为了使用tensorflow目标检测API的所有算法，所以打算升级一下CUDA版本以支持tf-gpu 1.5++，但原本项目都是基于tf-gpu 1.4 的（tf-gpu 1.5以下都只能使用CUDA_8.0），所以保留了cuda-8.0的情况下安装cuda-9.0。

系统信息：

byz@ubuntu:~$ nvidia-smi　－(在cuda-8时就已经安装好了的驱动，所以下面选择安装驱动时选No

首先：关闭X. light类型的桌面系统$　sudo /etc/init.d/lightdm stop

一、下载CUDA

点击下载，选择如图，最好不要使用deb方式，比较容易失败。

二、新建cuda_9文件夹，将一中下载的文件放进来

mkdir cuda_9

三、生成可执行文件

chmod 777 cuda_9.0.176_384.81_linux-run

四、执行安装

./cuda_9.0.176_384.81_linux-run

五、依次填写选项

----------------- Do you accept the previously read EULA? accept/decline/quit: accept Install NVIDIA Accelerated Graphics Driver for Linux-x86_64 384.81? (y)es/(n)o/(q)uit: n　　<--(不要装驱动 Install the CUDA 9.0 Toolkit? (y)es/(n)o/(q)uit: y Enter Toolkit Location [ default is /usr/local/cuda-9.0 ]: /usr/local/cuda-9.0 is not writable.

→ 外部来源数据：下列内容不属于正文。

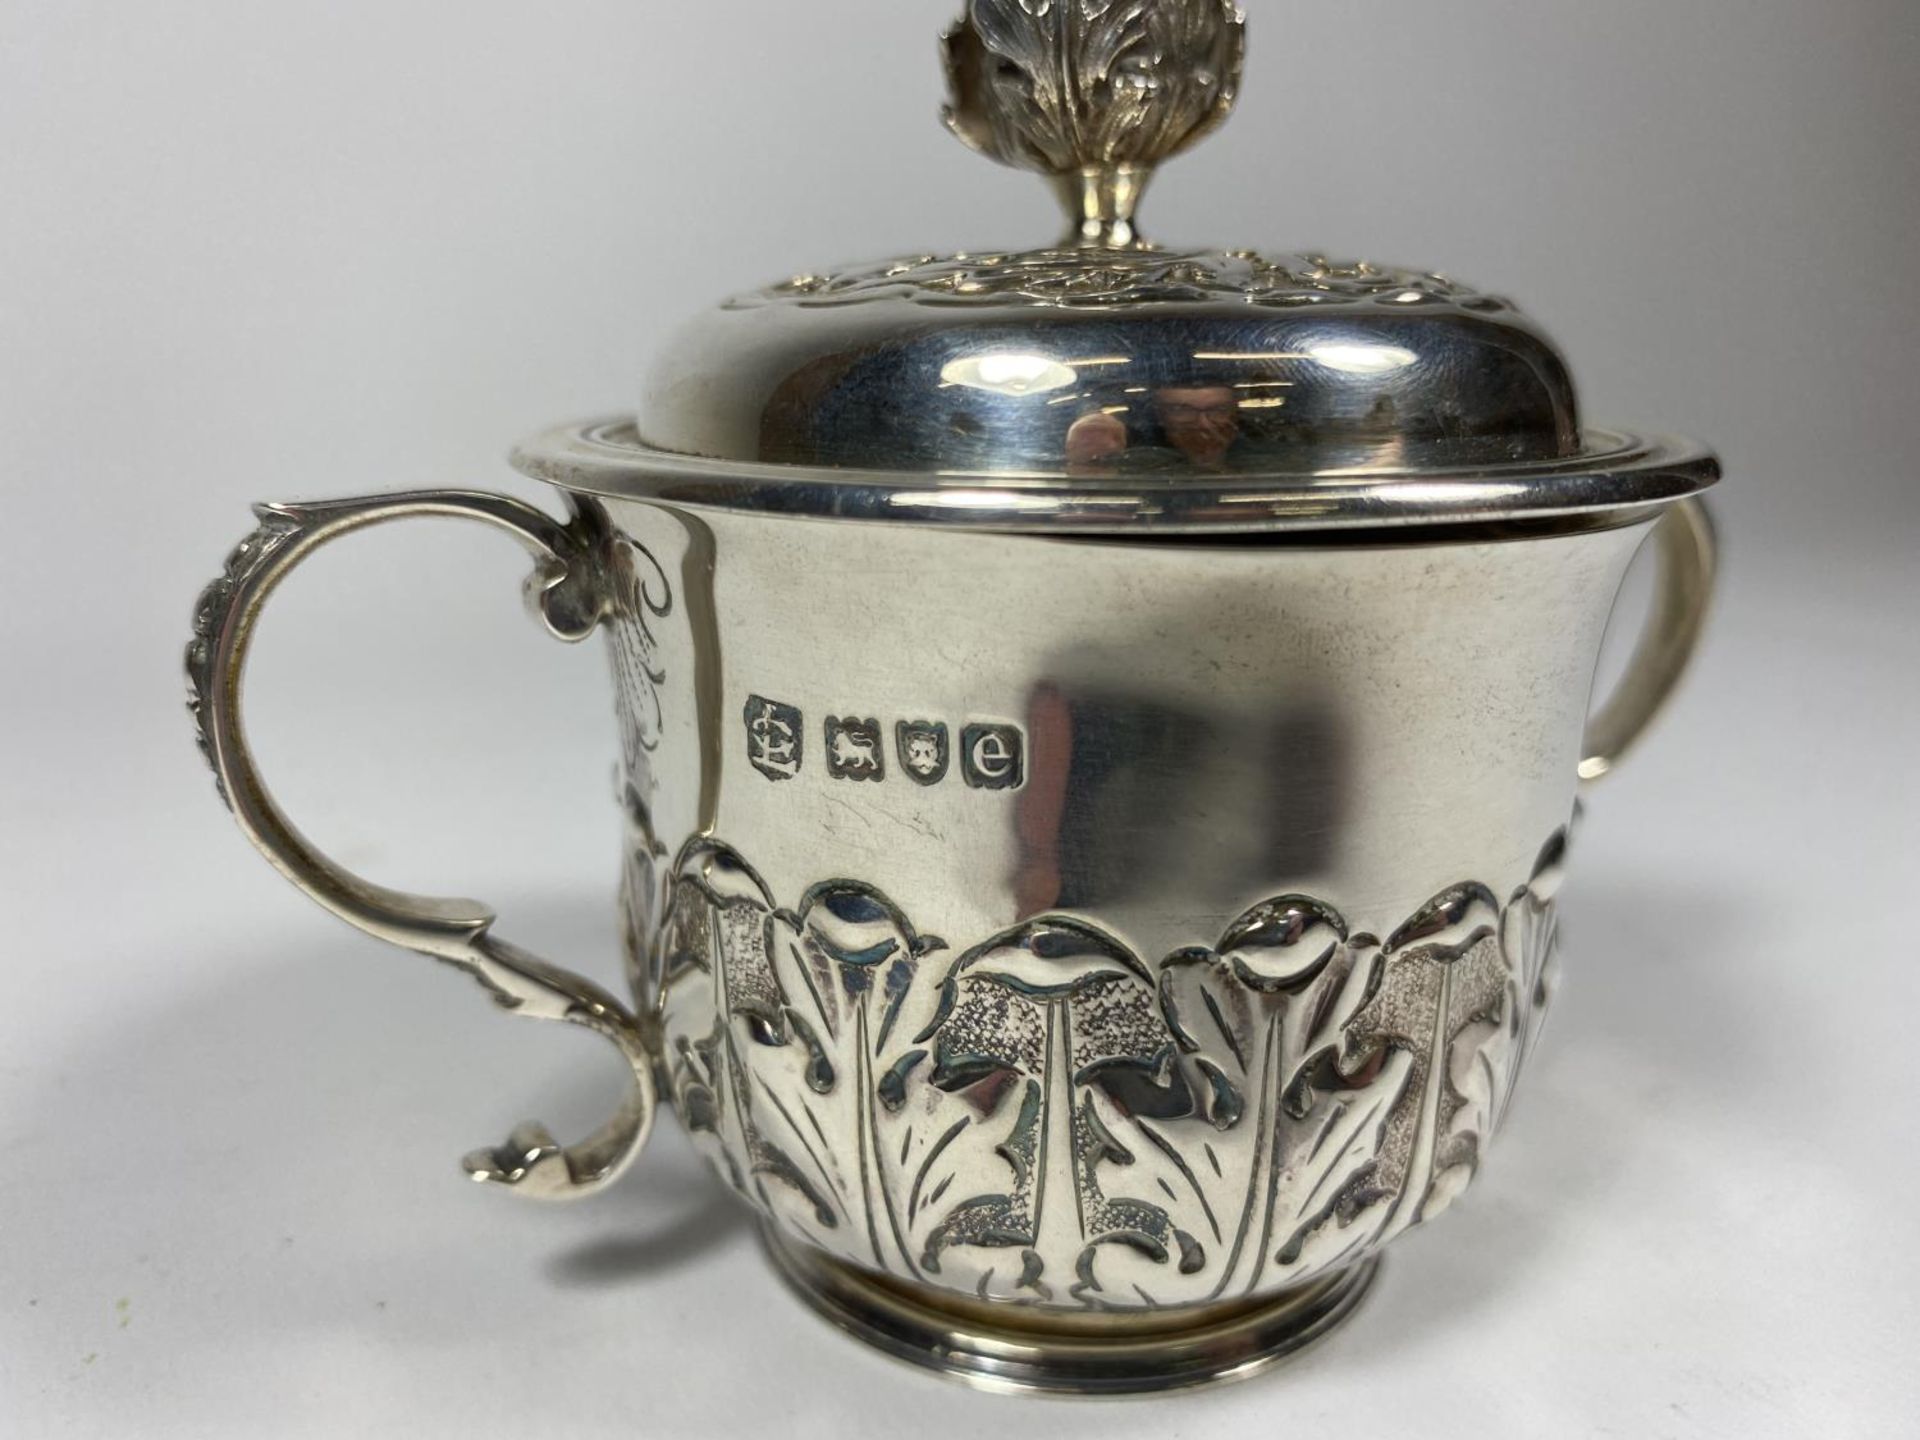 A VICTORIAN HALLMARKED SILVER LIDDED CHRISTENING CUP, MARKS FOR LONDON, 1900, WEIGHT 165G - Image 2 of 5

Do you wish to run the installation with 'sudo'? (y)es/(n)o: y Please enter your password: Do you want to install a symbolic link at /usr/local/cuda? (y)es/(n)o/(q)uit: n　　<--(链接可在完成安装之后软cuda-9.0链接过来 Install the CUDA 9.0 Samples? (y)es/(n)o/(q)uit: y Enter CUDA Samples Location [ default is /home/byz ]: /home/byz/app/cuda_9 <--(刚才新建的文件夹 Installing the CUDA Toolkit in /usr/local/cuda-9.0 ... Installing the CUDA Samples in /home/byz/app/cuda_9 ... Copying samples to /home/byz/app/cuda_9/NVIDIA_CUDA-9.0_Samples now... Finished copying samples. =========== = Summary = =========== Driver: Not Selected Toolkit: Installed in /usr/local/cuda-9.0 Samples: Installed in /home/byz/app/cuda_9 Please make sure that - PATH includes /usr/local/cuda-9.0/bin - LD_LIBRARY_PATH includes /usr/local/cuda-9.0/lib64, or, add /usr/local/cuda-9.0/lib64 to /etc/ld.so.conf and run ldconfig as root To uninstall the CUDA Toolkit, run the uninstall script in /usr/local/cuda-9.0/bin Please see CUDA_Installation_Guide_Linux.pdf in /usr/local/cuda-9.0/doc/pdf for detailed information on setting up CUDA. ***WARNING: Incomplete installation! This installation did not install the CUDA Driver. A driver of version at least 384.00 is required for CUDA 9.0 functionality to work. To install the driver using this installer, run the following command, replacing <CudaInstaller> with the name of this run file: sudo <CudaInstaller>.run -silent -driver Logfile is /tmp/cuda_install_2684.log

六、修改配置文件

vim .bashrc

export PATH="/usr/local/cuda/bin:$PATH"
export LD_LIBRARY_PATH="/usr/local/cuda/lib64:$LD_LIBRARY_PATH"
export LIBRARY_PATH="/usr/local/cuda/lib64:$LIBRARY_PATH

source .bashrc

七、从cuda-8.0 切换到cuda-9.0

rm –rf /usr/local/cuda ln -s /usr/local/cuda-9.0 /usr/local/cuda (需要切换到8.0的话换汤不换药)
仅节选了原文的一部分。